Avec ses faux airs de film générationnel et de feel-good movie, Frances Ha fait tout pour nous conquérir : Greta Gerwig ne s’épargne aucun mouvement ni aucun sentiment, le réalisateur la suit à la trace, amusé, cherchant toujours la connivence avec le spectateur. L’opération charme, un peu trop évidente, fonctionne quand même le plus souvent, entre sourire et mélancolie.

Synopsis : Frances, jeune New-Yorkaise, rêve de devenir chorégraphe. En attendant, elle s’amuse avec sa meilleure amie, danse un peu et s’égare beaucoup…

Frances Ha - critiqueFilm d’une époque et d’un mode de vie (bobo intello), Frances Ha est aussi et surtout le film d’un moment de la vie, celui de plus en plus long, de plus en plus permanent, qui voit des jeunes personnes sorties de l’adolescence chercher sans les trouver les repères qui construiraient leur vie d’adulte.
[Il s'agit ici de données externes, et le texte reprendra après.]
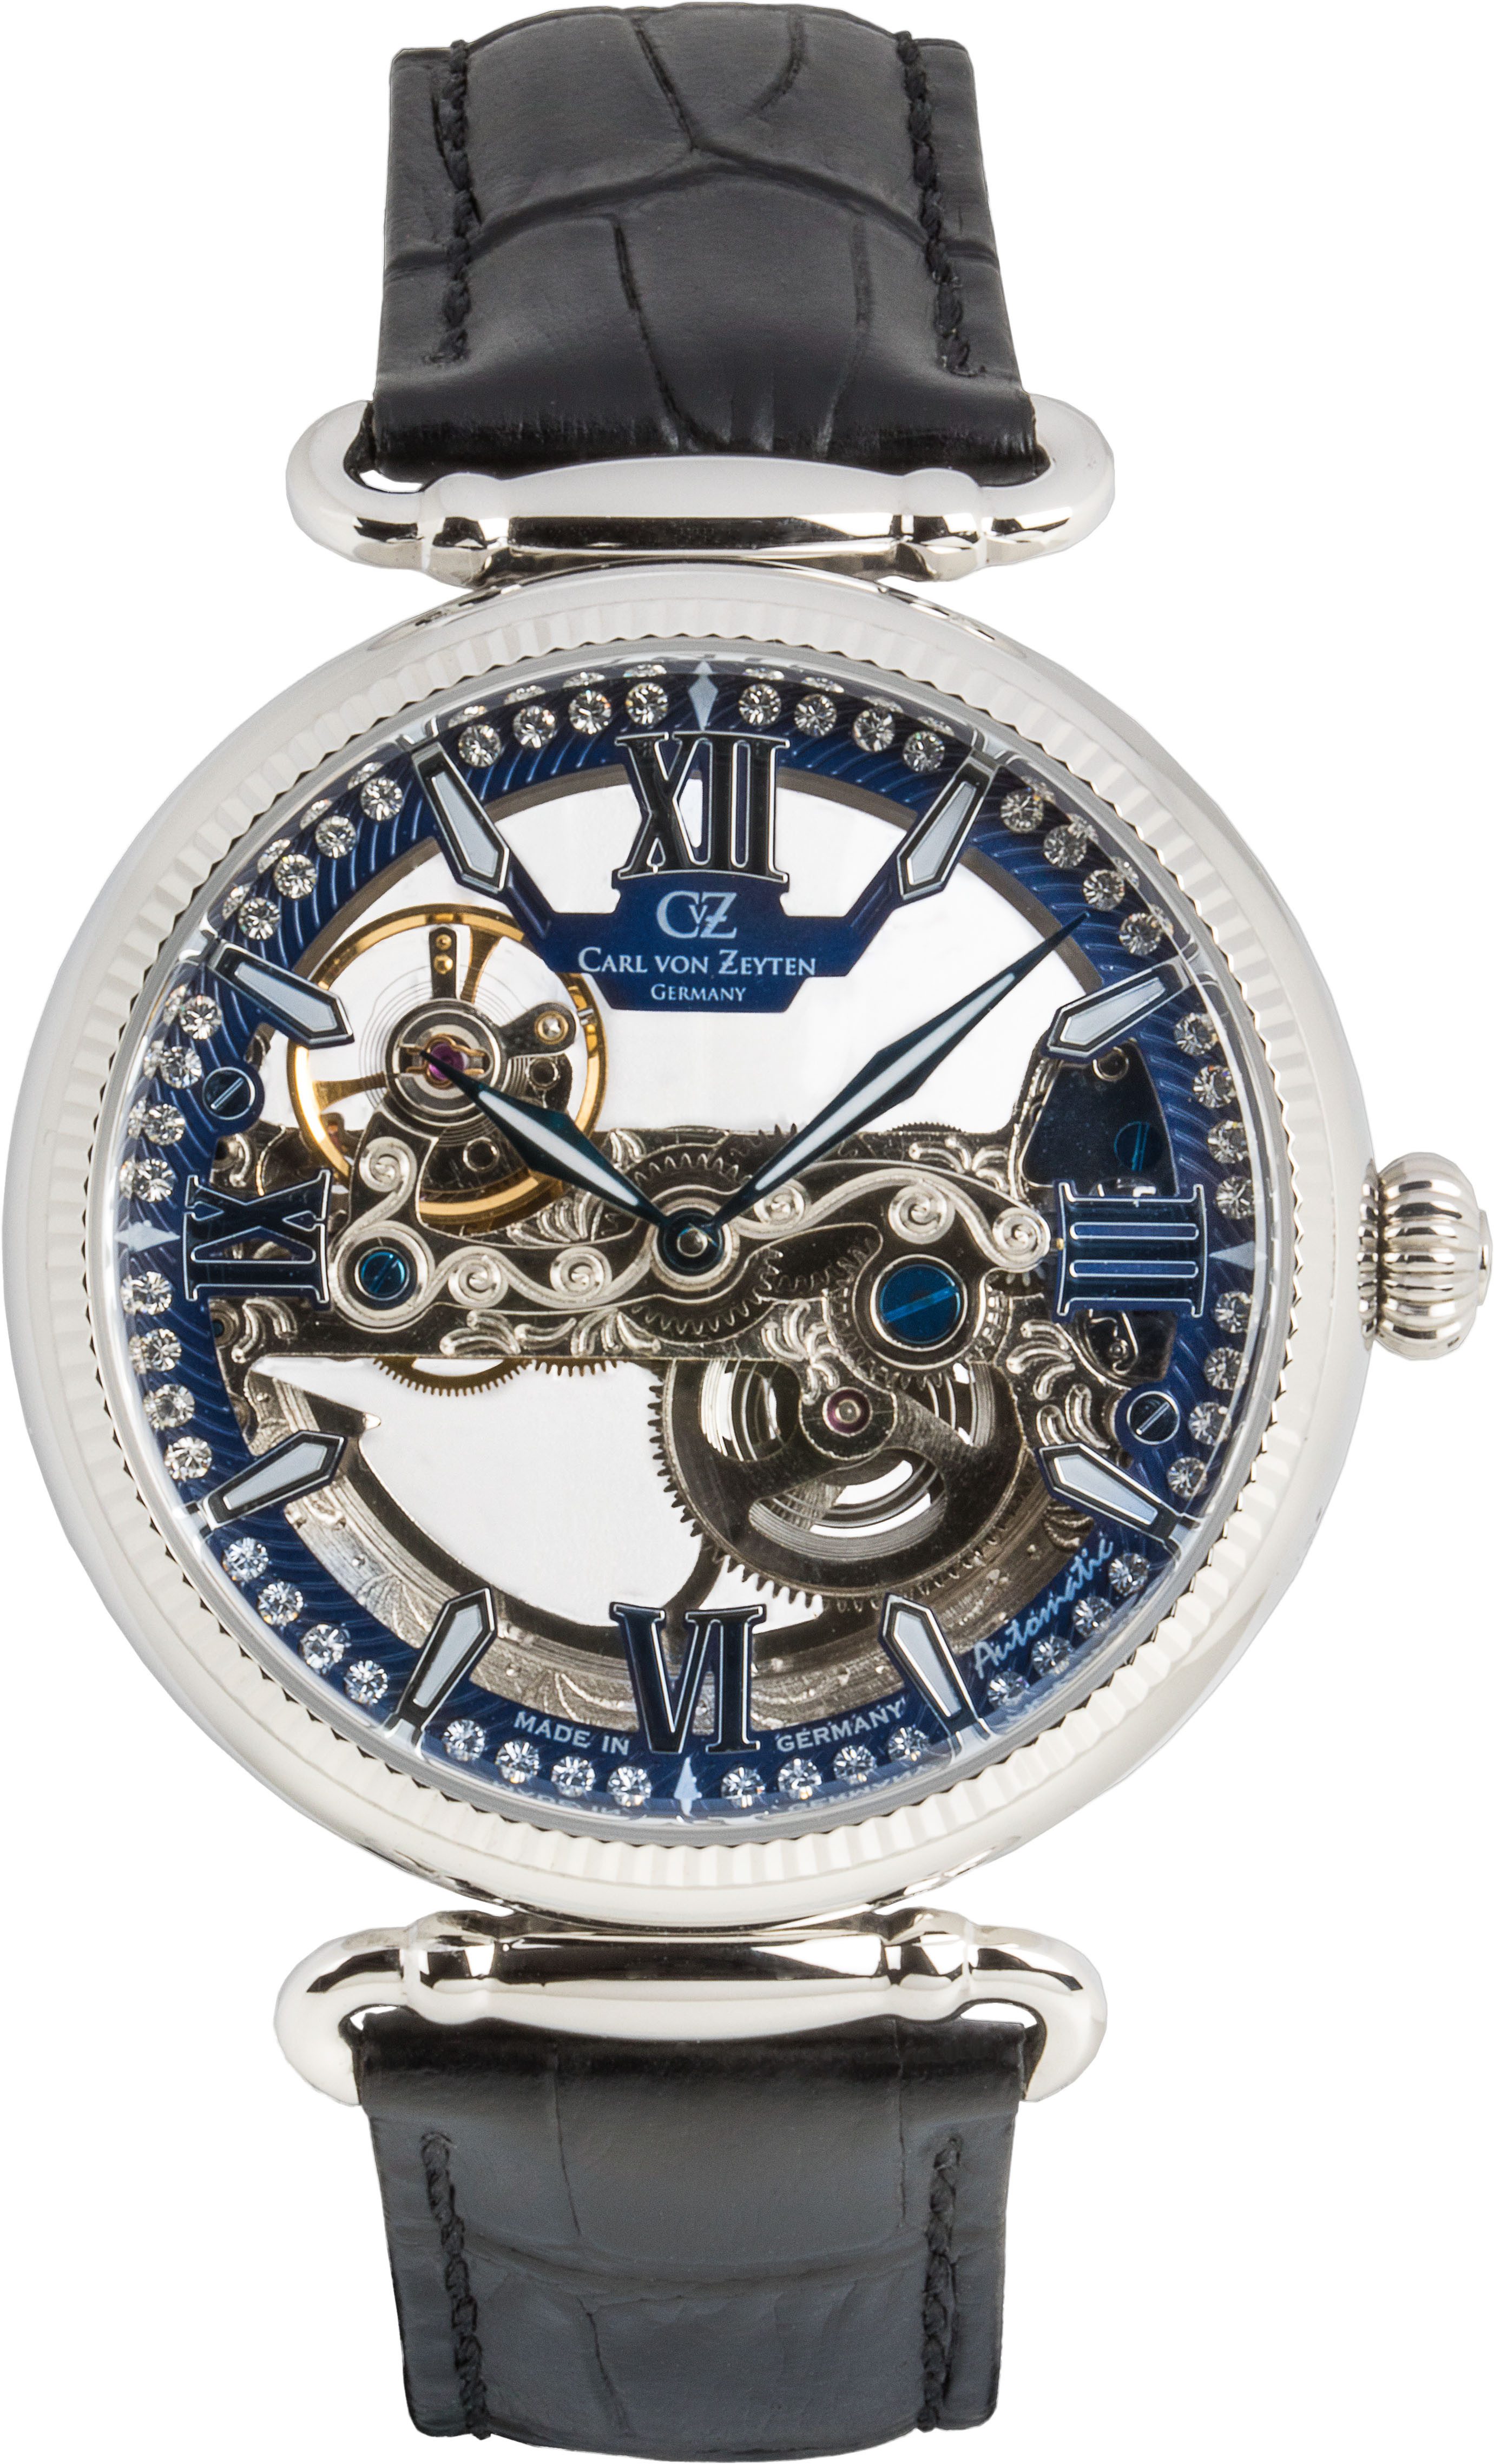 Carl von Zeyten Automatikuhr Häusern, Armbanduhr, mechanische Uhr, Damenuhr, Made in Germany

A ce titre, le plan qui voit l’héroïne s’en aller, emportée par un escalator, tandis que ses parents lui disent au revoir, est particulièrement éloquent. Comment nos parents en sont-ils arrivés là, comment ont-ils bâti les certitudes qui ont construit notre enfance et protégé notre innocence? Les temps ont radicalement changé, et la génération de Frances Ha ne peut pas suivre le modèle de la génération précédente.

Après l’adolescence, il n’y a plus l’âge adulte, il y a le doute, le flottement d’un âge qui semble ne jamais devoir se finir, un âge où l’on se construit sans cesse en se demandant si un jour on arrivera à se poser (tout en redoutant ce moment qui ne peut arriver que trop tôt).

Alors qu’avons nous à perdre? L’insouciance, les blagues, le bonheur de l’instant présent, les rêves, le temps d’être nous-mêmes, la complicité, et au bout du compte l’amitié.

Le film arrive à saisir cette spirale de joie et d’inconfort, d’enthousiasmes et de déceptions, dans un noir et blanc new yorkais qui n’est pas sans rappeler le maître Woody Allen (la situation d’une héroïne paumée et plutôt bavarde rend la filiation encore plus évidente).

On regrette cependant que le film veuille avant tout nous séduire, n’hésitant pas pour cela à jouer au maximum de l’atout charme Greta Gerwig (très présente physiquement), ni à se transformer par moments en clip pour marque de chaussures branchée.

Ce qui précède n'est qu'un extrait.